# Goat Circling???? HELP



## mvfarms91 (Oct 12, 2003)

I have 1 1/2 year nubian doe. She is current on her shots and worming. She has a mineral block, grass, grain, and hay. She went off her feed on Friday and starting walking in circles with head pitched to the side she is walking. Her two bottom teeth seem to be loose. The pasture she is in was just mowed on Wednesday, just because the grass was getting too tall. She looked like she was coming in heat on Friday and the buck was interested in her. Could he have hurt her or are we looking at some type of disease. (The mineral block is for goats and does have selenium in it so no white muscle disease-I'm figuring?)

She still is not eating, she is getting some fluid daily through a bottle. I have treated her with LA 200 and ivomec (in case she has meningeal worm)

Does any one have any ideas what is wrong with her? 

Thanks for any advice,
Susie


----------



## missbecky (Jun 5, 2004)

Did she get a spinal cord injury ?
Are her feet crossing when she stands?
We had a goat that we thought was having hip problems, but it turned out he got butted too many times and had a spinal cord injury.
might want to take her to the vet just to make sure.


----------



## mvfarms91 (Oct 12, 2003)

I thought about spinal cord injury, no her feet do not cross over when she stands. She actually does not stand unless she gets stuck in a corner. She either walks in circles or she lays down. She can get back up on her own.

Are there any goat diseases that cause loose teeth?

Thanks for your help,
Susie


----------



## LuckyGRanch (Jun 30, 2002)

I had a goat do this a couple years back and thought it was Listerosis until I discovered she'd been fighting and loosened up a scur that was just killing her!

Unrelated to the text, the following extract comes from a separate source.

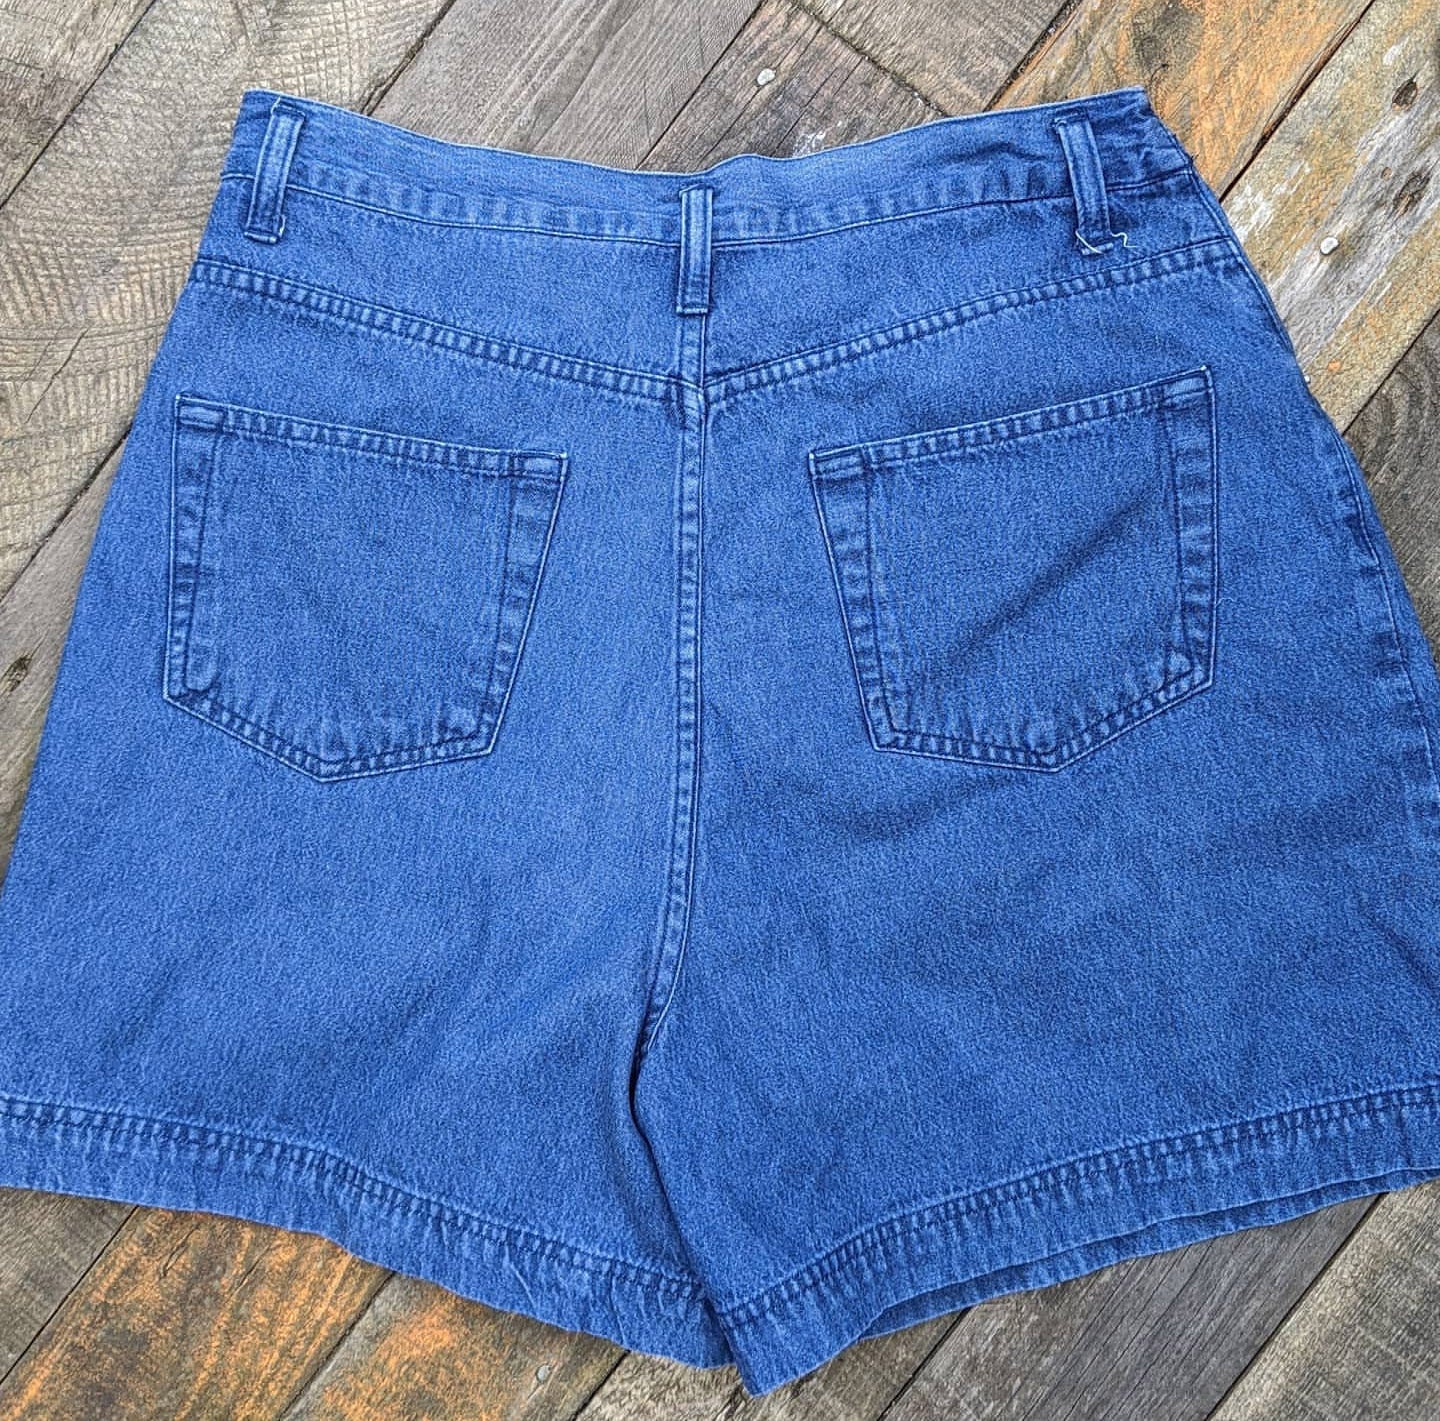 Vintage 80s high waist denim shorts, waist 30"

I wonder if her teeth are hurting that badly? Do you have any Banamine on hand? If so, you could try a dose and see what happens.


----------



## dale anne (Apr 28, 2004)

howdy...I had the same thing happen to my buck a few weeks ago was treating for listeria,goat polio,and endotoxemia...nothing helped...he was fine in the morning came out in afternoon and he was doing circles....went down on me the next day and never got back up...i put him in a sling.... fed him with a drencher...water...everything i could...a week later i had to put him down he got no better....after putting him down we figured the doe we put him in with had knocked him off the play yard slide and he came down on his head....i looked all week fer bumps and never found it till we put him down....it was at the base of his scull......watch fer drooling and weakness on one side of face.....many folks on here can help...they helped me alot and gave me sound advice just think that he had major brain swelling and nothing could have helped....but i feel with the advice i got i was able to keep him at the very least hydrated and comfprtable.....good luck keep us updated...dale anne


----------



## caroline00 (Nov 10, 2002)

I know that my doe that had listerosis got well but it was a hard road.

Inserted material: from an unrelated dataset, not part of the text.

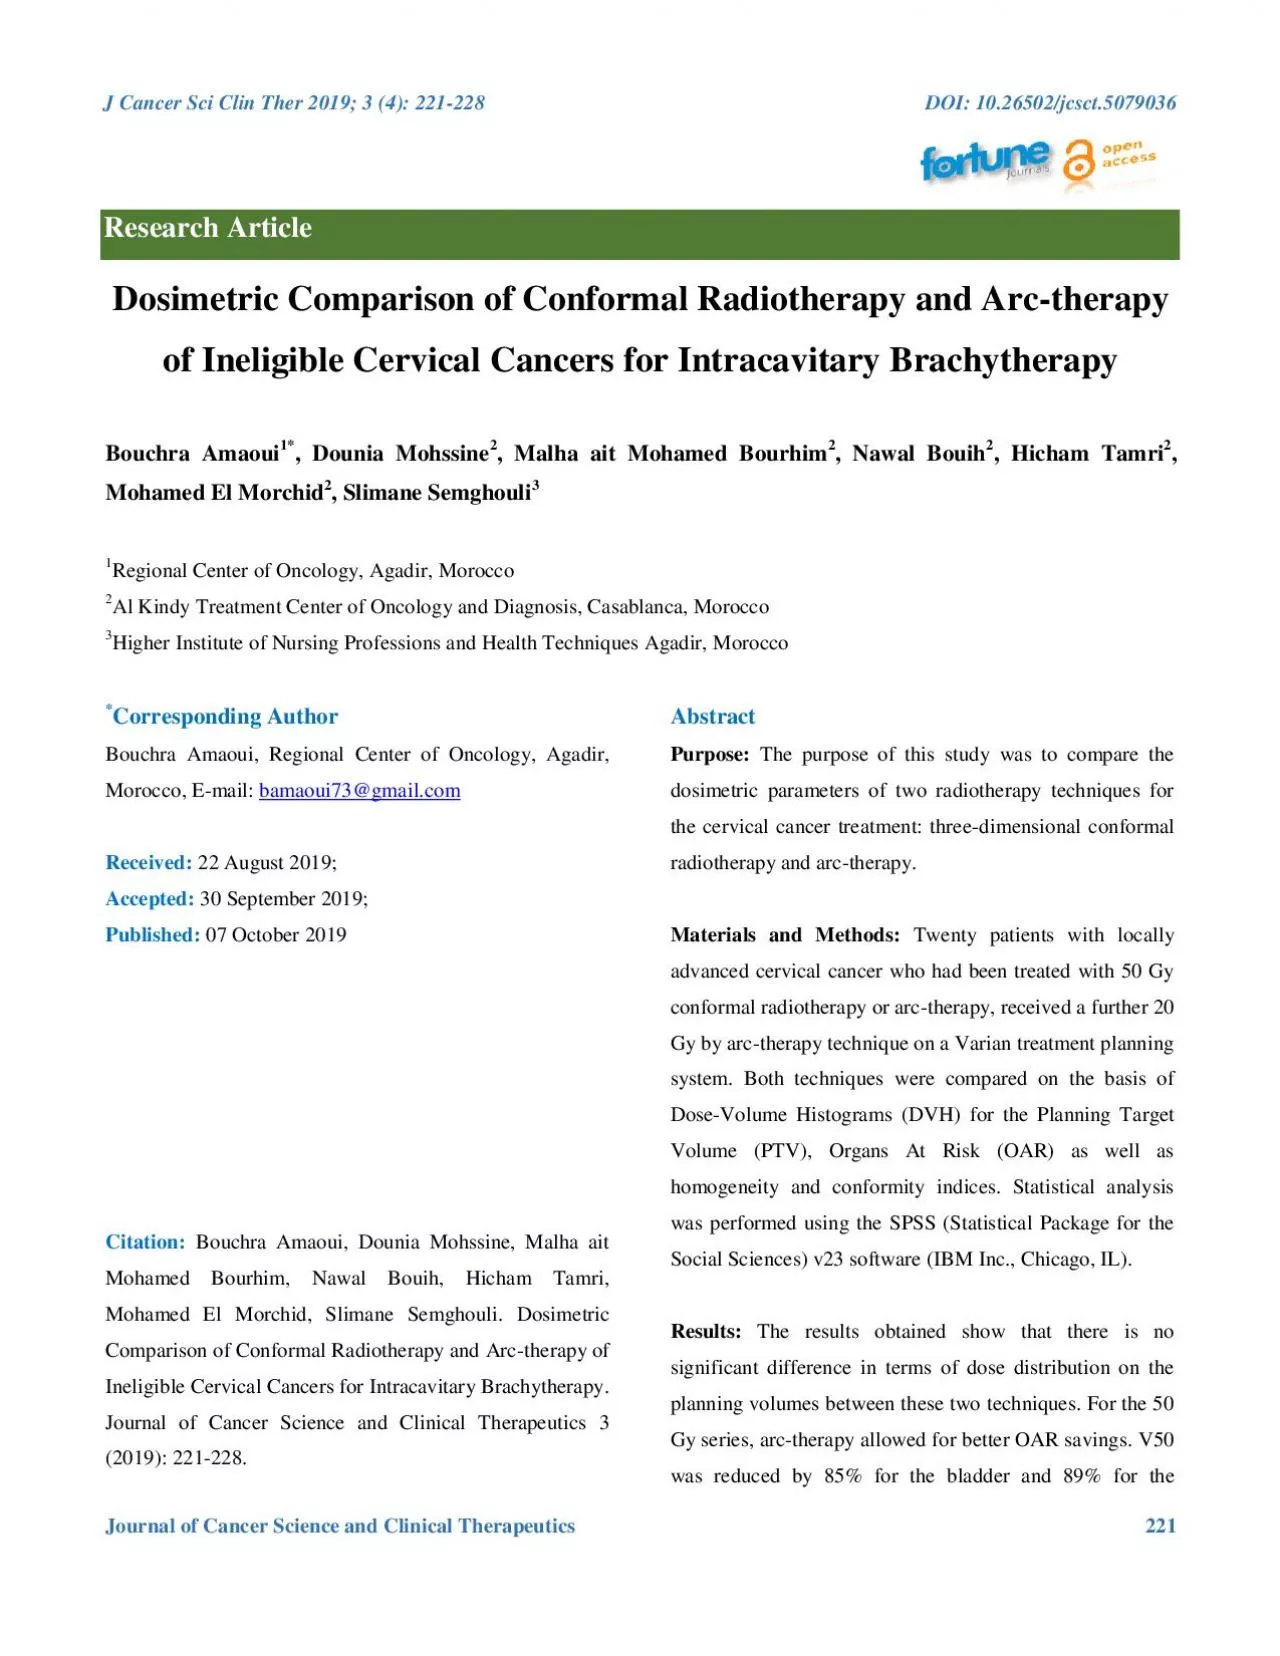 Dosimetric Comparison of Conformal Radiotherapy and Arc

Listerosis isnt something that you can say...if he isnt well in a week, I'll treat him...

for listerosis
I gave my 135 pound doe 10 cc of Pen IM (in the muscle) twice a day for 10 days. I also gave Vit B Complex under the skin twice a day as long as she was off feed.

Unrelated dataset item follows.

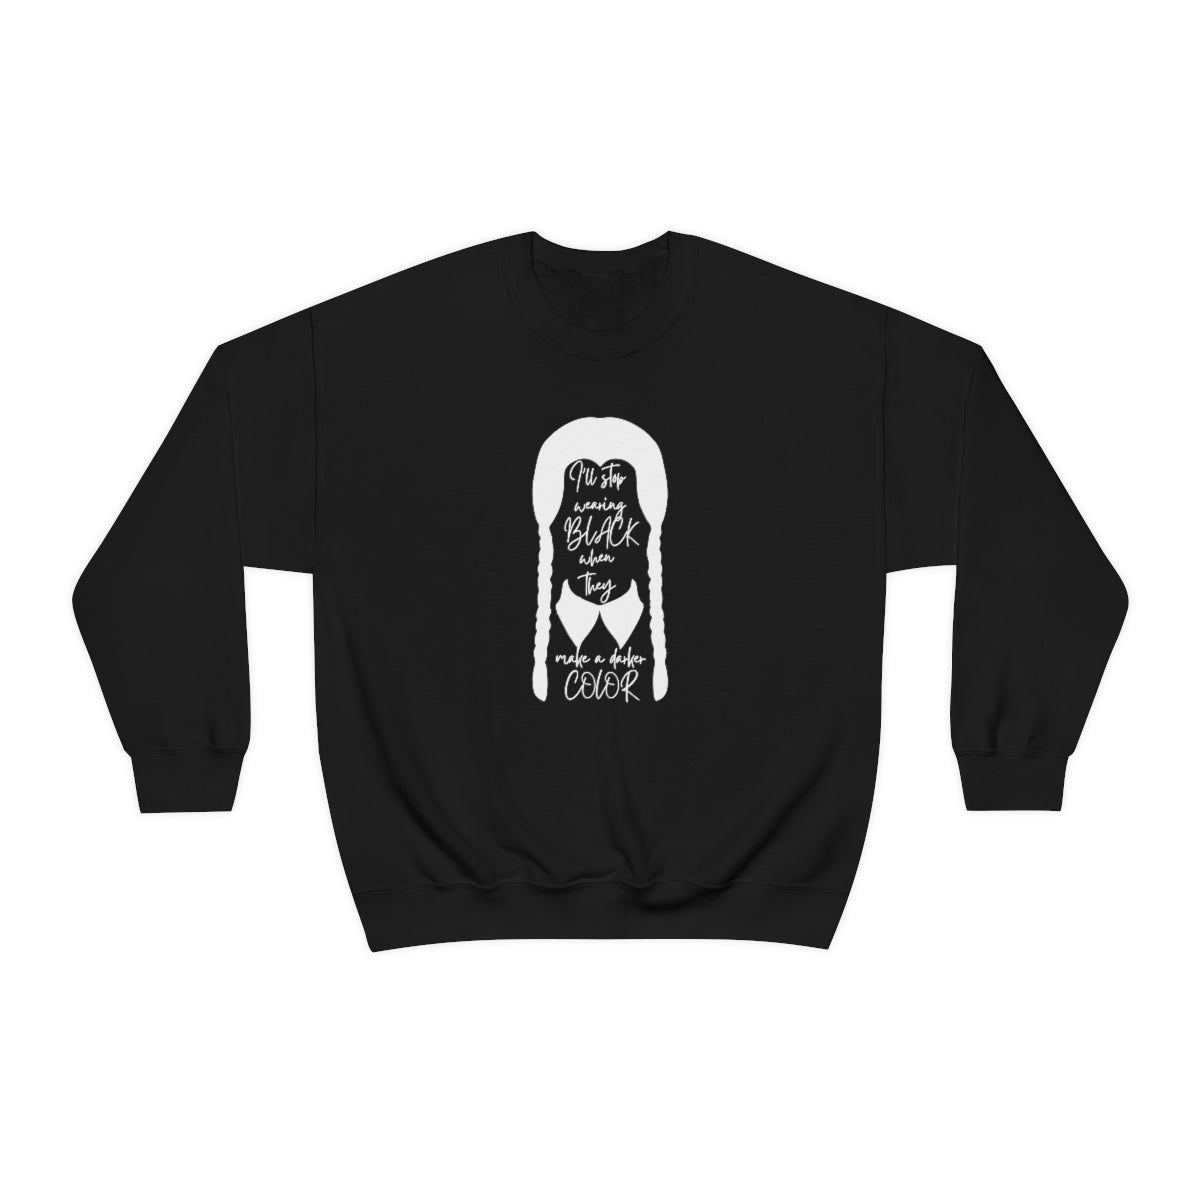 Wednesday Addams Crewneck Sweatshirt I'll Stop Wearing Black When They Make A Darker Color

It takes a massive amount of Pcn to get thru to the brain.
The vet has something that can be given for brain swelling... I think it is a steorid. I think you have to decide how much the buck is worth to you. In my experience, injuries are short, goats bounce back really well. If he is still not doing well, then I would look for another reason.


----------



## mvfarms91 (Oct 12, 2003)

Thank you all for your responses.

I am leaning towards listeria, I have started her on an antibiotic program. She is still walking in circles-it may be too late since she has had it for five days. What do I need to do, or worry about, or know about listeria for my other goats. Is it contagious? Does anyone have a good website for listeria, I have looked but can't find one.

Thanks again,
Susie


----------



## caroline00 (Nov 10, 2002)

its usually from getting bad feed, I think (mold or mildew)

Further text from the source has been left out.